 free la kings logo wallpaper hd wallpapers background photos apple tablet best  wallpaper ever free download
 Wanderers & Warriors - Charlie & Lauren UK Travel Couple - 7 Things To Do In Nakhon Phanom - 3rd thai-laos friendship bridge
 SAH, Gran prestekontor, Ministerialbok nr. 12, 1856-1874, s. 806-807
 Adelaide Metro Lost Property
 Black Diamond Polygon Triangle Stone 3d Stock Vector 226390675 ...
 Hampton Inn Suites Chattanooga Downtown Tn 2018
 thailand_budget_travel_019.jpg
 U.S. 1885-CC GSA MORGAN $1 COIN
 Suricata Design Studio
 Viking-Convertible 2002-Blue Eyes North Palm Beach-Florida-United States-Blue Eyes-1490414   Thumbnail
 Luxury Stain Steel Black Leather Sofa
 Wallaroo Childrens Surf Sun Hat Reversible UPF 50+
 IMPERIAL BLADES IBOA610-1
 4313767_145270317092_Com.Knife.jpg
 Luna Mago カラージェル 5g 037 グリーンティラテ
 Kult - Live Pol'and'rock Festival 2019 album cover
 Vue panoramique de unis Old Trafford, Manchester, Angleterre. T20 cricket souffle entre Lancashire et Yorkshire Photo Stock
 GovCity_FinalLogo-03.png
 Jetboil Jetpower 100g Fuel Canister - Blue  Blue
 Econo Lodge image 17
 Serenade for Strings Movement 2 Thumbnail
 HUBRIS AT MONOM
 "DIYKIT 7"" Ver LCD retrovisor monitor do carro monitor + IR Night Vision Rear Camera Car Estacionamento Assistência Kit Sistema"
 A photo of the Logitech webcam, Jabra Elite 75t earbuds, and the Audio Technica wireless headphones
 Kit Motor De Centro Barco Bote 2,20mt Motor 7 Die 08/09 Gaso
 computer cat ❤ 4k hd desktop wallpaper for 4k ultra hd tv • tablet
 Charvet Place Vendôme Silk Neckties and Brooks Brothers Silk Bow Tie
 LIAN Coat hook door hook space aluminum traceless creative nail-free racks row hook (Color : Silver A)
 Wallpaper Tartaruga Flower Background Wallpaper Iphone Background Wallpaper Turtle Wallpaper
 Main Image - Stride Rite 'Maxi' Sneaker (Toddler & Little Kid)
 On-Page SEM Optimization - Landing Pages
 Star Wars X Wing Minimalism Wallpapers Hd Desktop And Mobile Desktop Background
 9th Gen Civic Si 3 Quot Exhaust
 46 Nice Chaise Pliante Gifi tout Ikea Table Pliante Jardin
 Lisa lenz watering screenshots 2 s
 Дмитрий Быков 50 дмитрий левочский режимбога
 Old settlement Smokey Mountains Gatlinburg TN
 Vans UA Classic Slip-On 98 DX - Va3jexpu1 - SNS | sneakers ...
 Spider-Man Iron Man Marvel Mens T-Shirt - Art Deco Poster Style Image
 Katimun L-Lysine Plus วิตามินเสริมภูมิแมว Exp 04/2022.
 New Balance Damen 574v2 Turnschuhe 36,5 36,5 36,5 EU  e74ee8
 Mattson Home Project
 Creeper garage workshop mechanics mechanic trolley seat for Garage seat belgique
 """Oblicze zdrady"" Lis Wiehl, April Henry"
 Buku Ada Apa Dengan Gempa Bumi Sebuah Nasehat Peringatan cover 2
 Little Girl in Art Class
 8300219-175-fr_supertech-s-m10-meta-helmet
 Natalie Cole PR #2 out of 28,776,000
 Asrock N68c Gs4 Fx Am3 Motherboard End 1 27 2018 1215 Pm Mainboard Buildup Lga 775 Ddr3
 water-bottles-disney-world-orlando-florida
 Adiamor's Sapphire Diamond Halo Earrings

§ §

Copy every line of the data that carries the word "Little".

 Main Image - Stride Rite 'Maxi' Sneaker (Toddler & Little Kid)
 Little Girl in Art Class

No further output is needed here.